The following options are supported by this task:

  • Extract Text From: The column to extract sub-string from.
  • What to Extract: This option allows you to choose from one of the following three options:
  1. Characters at a certain position
  2. Characters around a letter/word
  3. Characters from beginning or end
  4. Starts with
  5. Does not start with
  6. Ends with
  7. Does not end with
  8. Starts with a number
  9. Does not start with a number
  10. Ends with a number
  11. Does not end with a number
  12. Contains a number
  13. Does not contain a number
  14. Regular expression
  15. All except regular expression
  • Parameters: Set of options that allow specification of other inputs as required by the choice of What to extract option. For more information, see:
  • Conditions: See how to apply conditions.
  • Apply result into: This option allows configuration of the destination of the results by this task. See result documentation.

Extraction Types

Mammoth supports the following sub-string extraction techniques.

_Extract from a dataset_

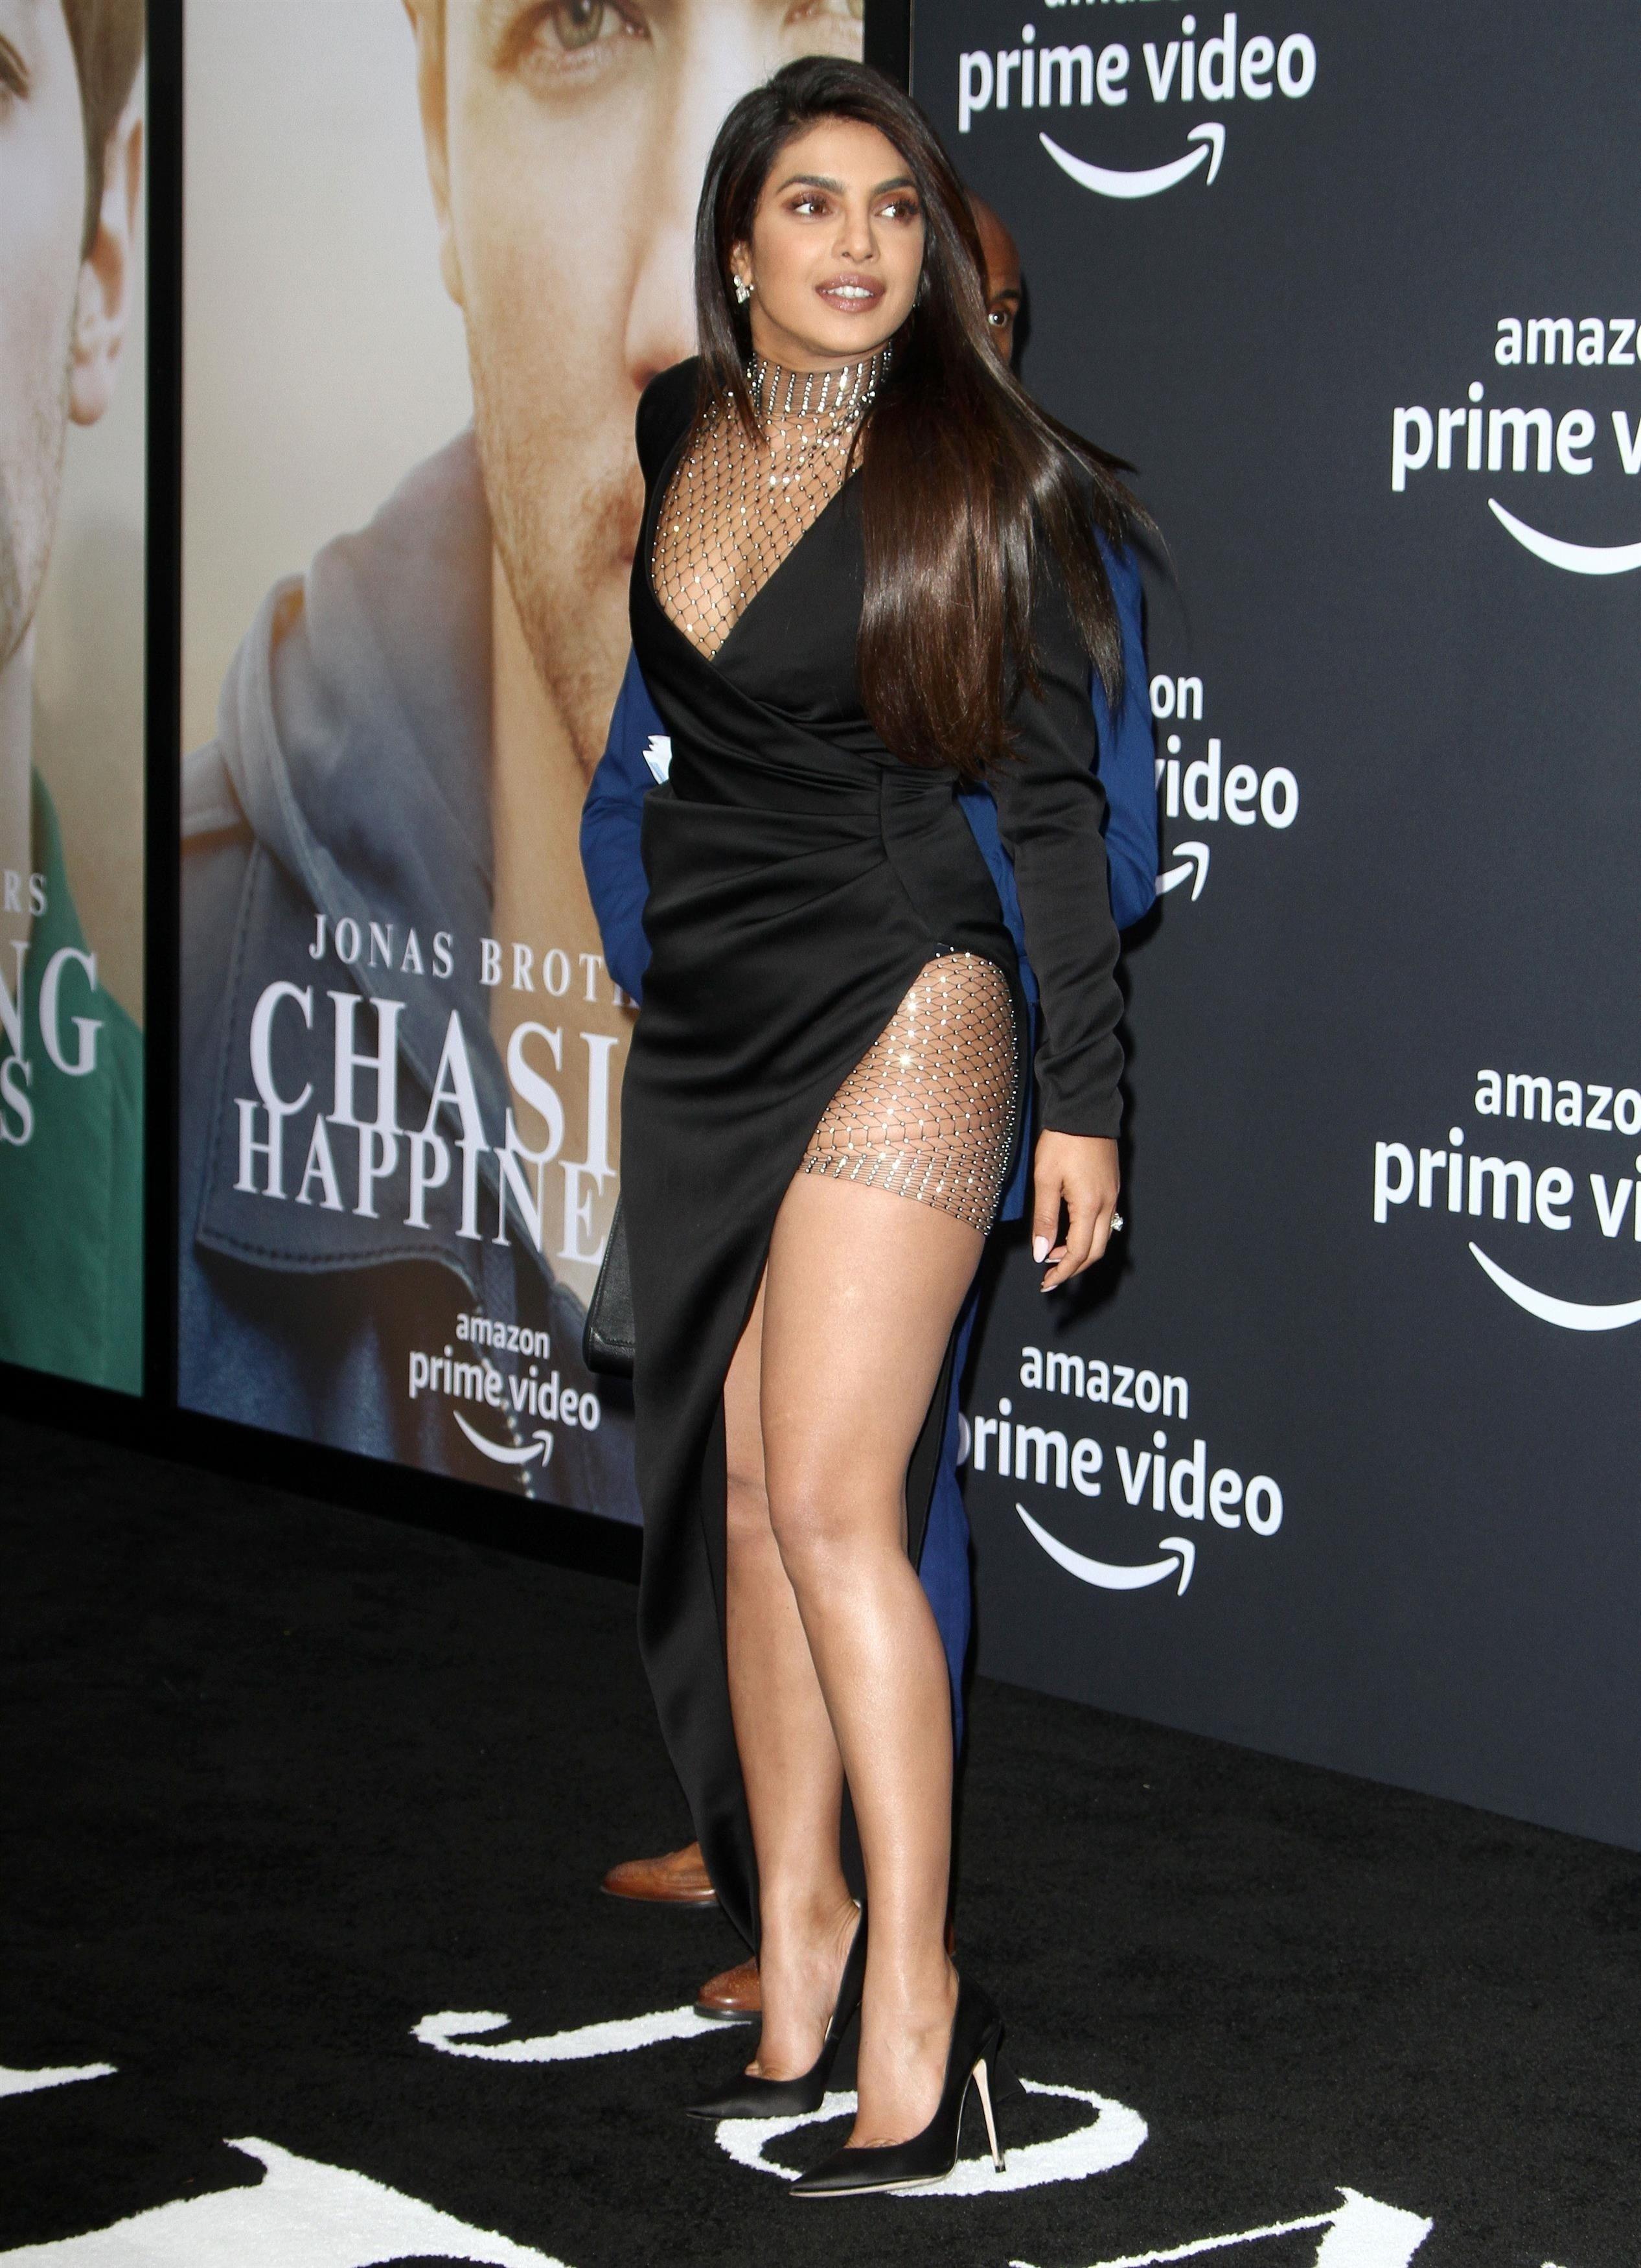 Priyanka Chopra – Amazon Prime Video's 'Chasing Happiness' premiere in Los Angeles 3-6-2019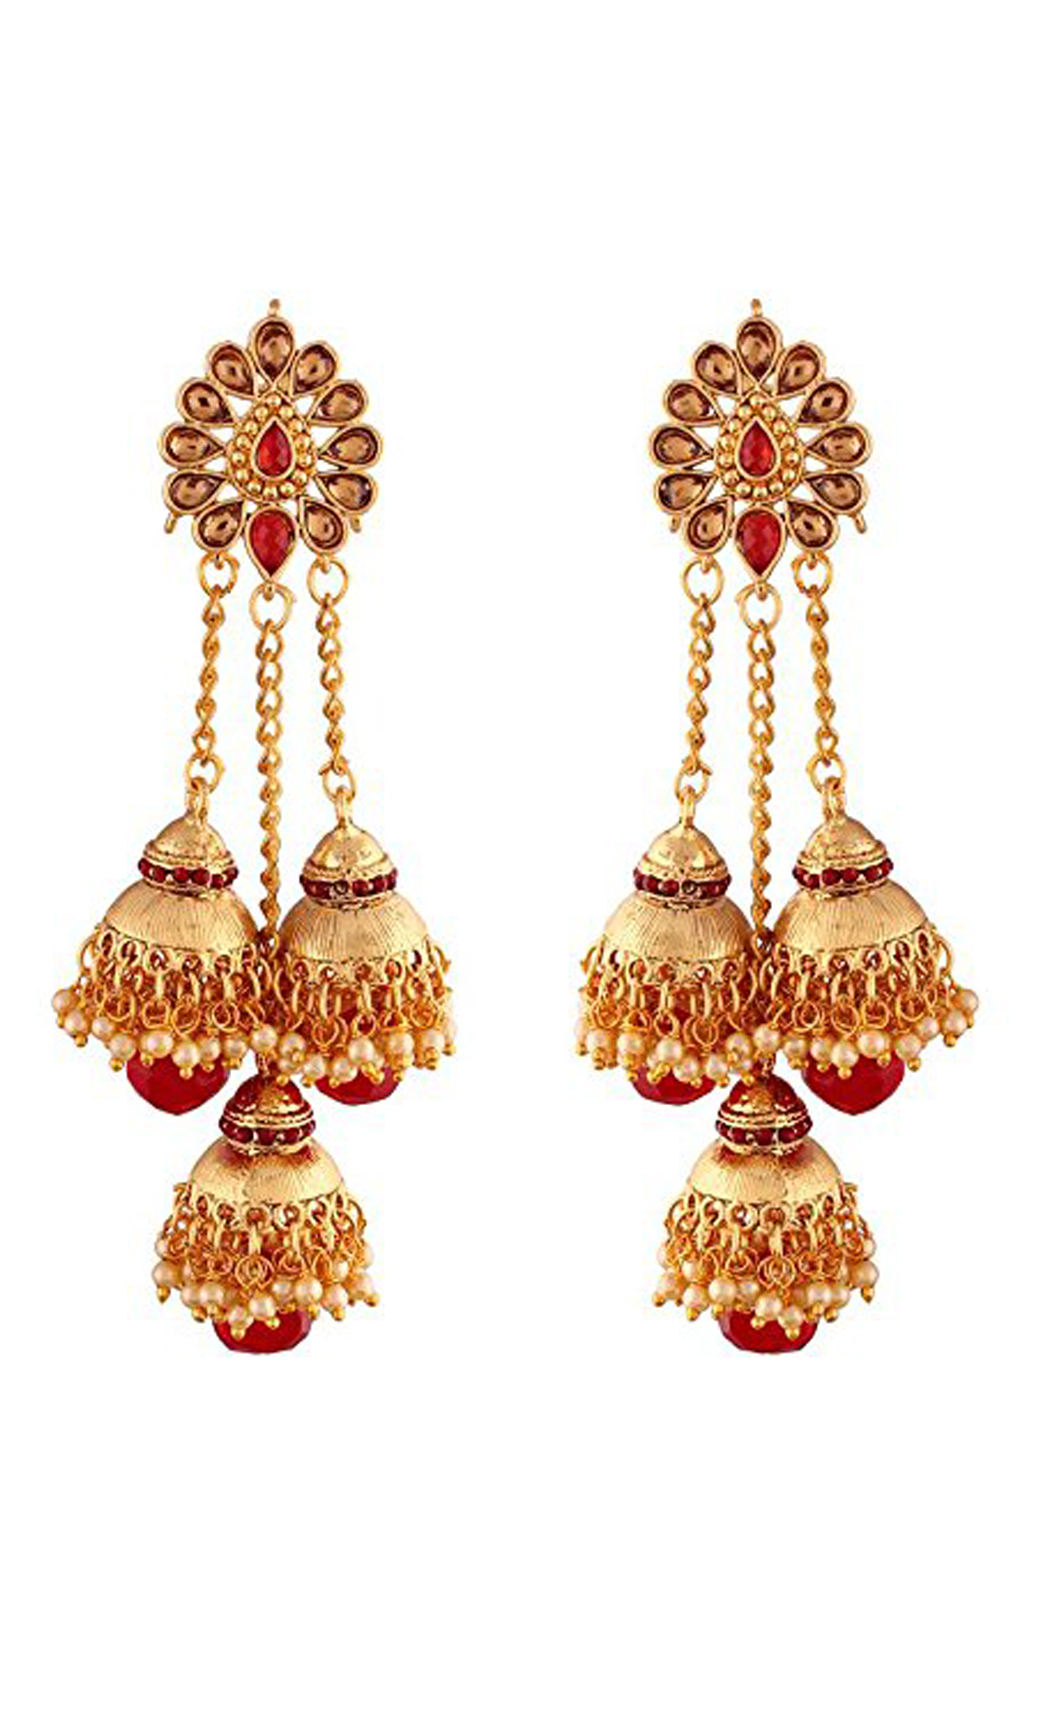 Gold Plated Long Triple Jhumka Earrings | Wedding Earrings |Buy Online

Each of these techniques can be used to achieve multiple sub-objectives and they are controlled using the parameters in the options that follow the What to Extract section.

Extracting characters from a certain position

By using this option, you can achieve one of the following objectives:

  1. Extract all characters to the left of a specific position.
  2. Extract all characters to the right of a specific position.
  3. Extract specific number of characters to the left of a specific position.
  4. Extract specific number of characters to the right of a specific position.

Extracting characters around a letter/word

By using this option, you can achieve one of the following objectives:

  1. Extract all characters to the left of a letter/word.
  2. Extract all characters to the right of a letter/word.
  3. Extract specific number of characters to the left of a letter/word.
  4. Extract specific number of characters to the right of a letter/word.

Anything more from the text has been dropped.